Oleh karena itu, resistensi di seluruh sirkulasi sistemik, yang disebut resistensi
perifer total, adalah sekitar 100/100, atau 1 PRU.
Pada keadaan ketika semua pembuluh darah di seluruh tubuh
berkontraksi kuat, resistensi perifer total kadang kadang meningkat menjadi 4
PRU. Sebaliknya, bila semua pembuluh berdilatasi kuat, resistensi dapat
menurun hingga sekecil 0,2 PRU.
Perubahan kecil pada diameter pembuluh akan menyebabkan
perubahan yang luar biasa terhadap kemampuan pembuluh untuk
menghantarkan darah bila aliran darah bersifat laminar. Contoh, tiga
pembuluh darah ang terpisah dengan diameter relatif sebesar 1,2, dan 4mm
tetapi dengan perbedaan tekanan yang sama antara kedua ujung pembuluh
darah tersebut, yaitu 100 mmHg. Meskipun diameter pembuluh-pembuluh
darah ini meningkat hanya empat kali lipat, aliran darah di dalam pembuluh
darah masing-masing menjadi 1, 16, dan 256 ml/mm, atau terdapat kenaikan
aliran sebesar 256 kali lipat. Jadi, konduktans pembuluh darah meningkat
sebanding dengan pangkat empat diameternya (Guyton, 2006).
6
Endotel adalah lapisan sel epithelial yang berasal dari mesoderm yang
membatasi dinding pemuluh darah dan dinding pembuluh limfe. Endotel
terletak diantara sirkulasi darah dan pembuluh dara. Fungsi utama endotel
adalah mengatur tonus pembuluh darah, mengatur adhesi leukosit dan
inflamasi, dan mempertahankan keseimbangan antara trombosis dan
fibrinolisis. Fungsi endotel ini dilakukan oleh substansi-substansi khusus yang
dikelompokkan dalam dua golongan besar yaitu Endhotelium Derived
Relaxing Factor (EDRFs) dan Endhotelium Derived Contracting Factor
(EDCFs).
2.2 Stroke
2.2.1 Definisi
Stroke merupakan manifestasi klinis dari gangguan fungsi otak,
baik fokal maupun global (menyeluruh), yang berlangsung cepat,
berlangsung lebih dari 24 jam atau sampai menyebabkan kematian, tanpa
penyebab lain selain gangguan vaskuler (WHO, 1998).
2.2.2 Klasifikasi Stroke
2.2.2 1 Berdasarkan patologi anatomi dan penyebabnya:
a. Stroke iskemik
1. Transient Ischemic Attack (TIA)
2. Trombosis serebri
3. Emboli serebri
b. Stroke hemoragik
1. Perdarahan intraserebral
2. Perdarahan subarakhnoid
7
2.2.2.2 Berdasarkan stadium atau pertimbangan waktu:
a. Serangan iskemik sepintas atau TIA
Pada bentuk ini gejala neurologik yang timbul
akibat gangguan peredaran darah di otak akan menghilang
dalam waktu 24 jam.
b. Reversible Ischemic Neurologic Deficit (RIND)
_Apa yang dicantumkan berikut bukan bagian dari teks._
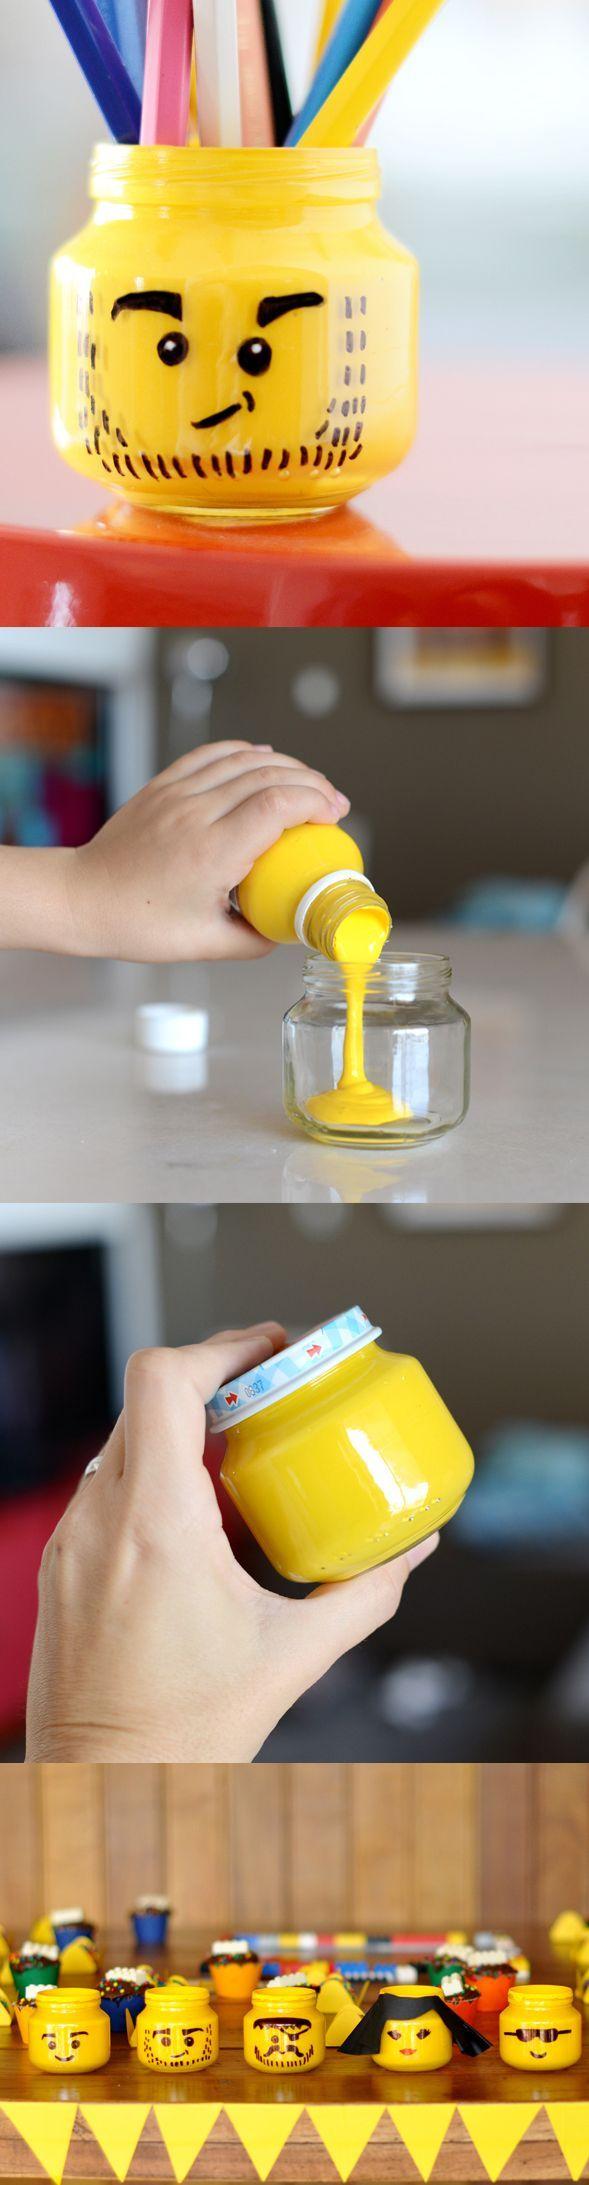 10 junior zelfmaakideetjes om lekker samen met de kids te doen!

Gejala neurologik yang timbul akan menghilang
dalam waktu lebih lama dari 24 jam, tetapi tidak lebih dari
seminggu.
c. Progressing stroke atau stroke in evolution
Gejala neurologik yang makin lama makin berat.
d. Completed stroke
Gejala klinis yang telah menetap.
2.2.2.3. Berdasarkan lokasi lesi vaskuler
Sistem karotis dan sistem vertebrobasiler.
Stroke juga umumnya diklasifikasikan menurut
patogenesisnya. Dalam hal ini stroke terbagi dalam dua
klasifikasi, yaitu stroke iskemik dan stroke hemoragik.
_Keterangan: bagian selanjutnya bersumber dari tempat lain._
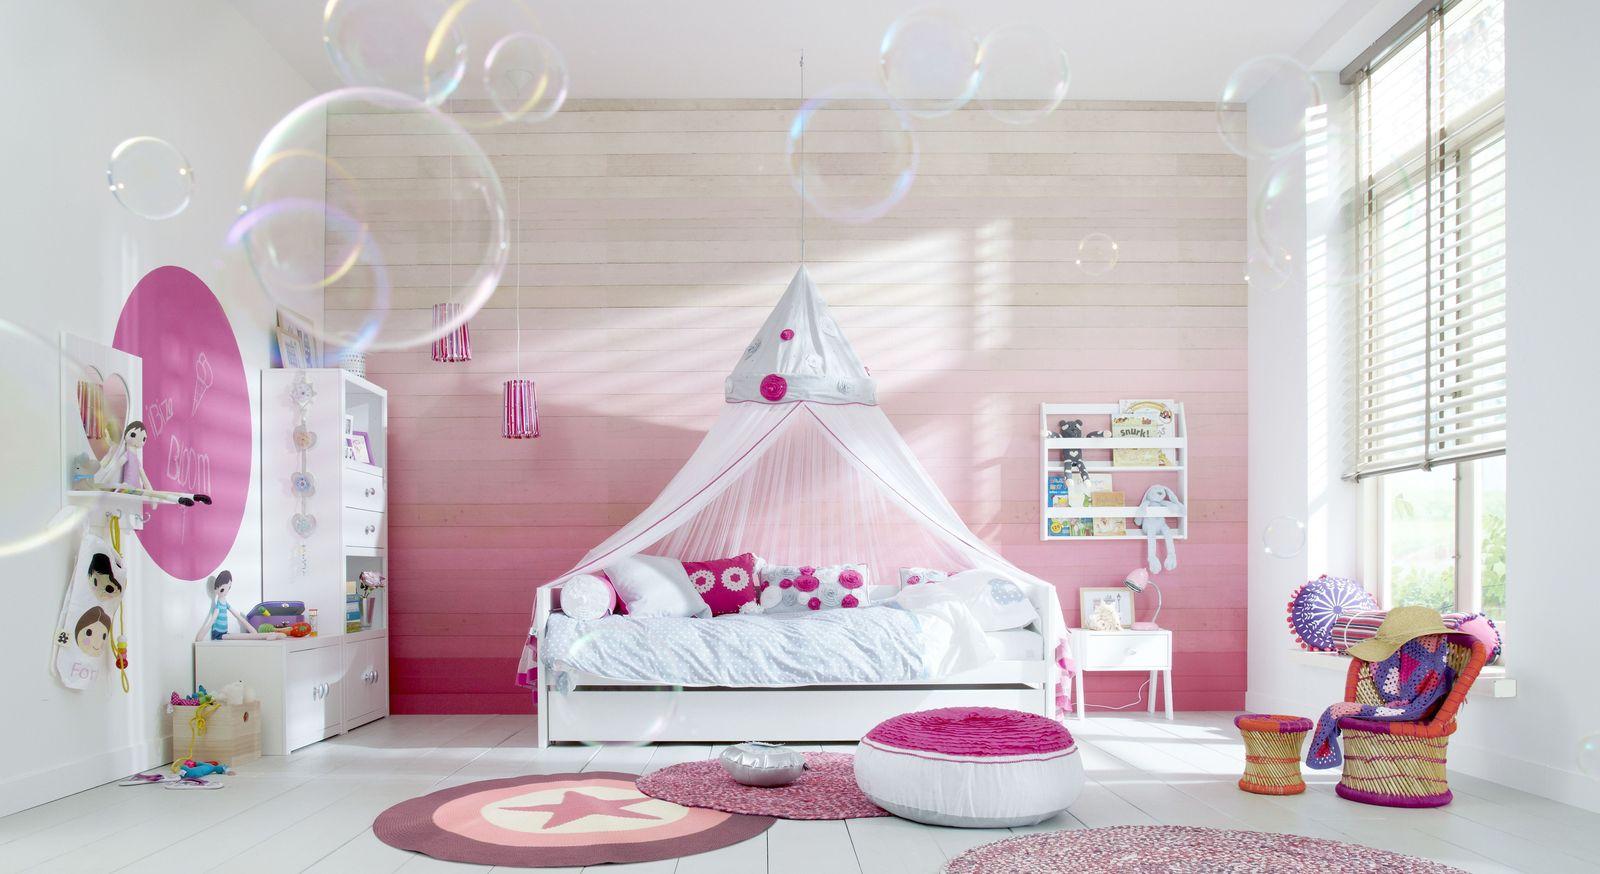 LIFETIME Sofabett Original mit Zubehör fürs Kinderzimmer

2.2.3. Faktor resiko infark
Faktor resiko untuk terjadinya stroke infark dapat diklasifikasikan
berdasarkan kemungkinannya untuk dimodifikasi atau tidak (nonmodifiable,
modifiable, atau potentially modifiable) dan bukti yang kuat (well documented
atau less well documented) (Goldstein, 2006).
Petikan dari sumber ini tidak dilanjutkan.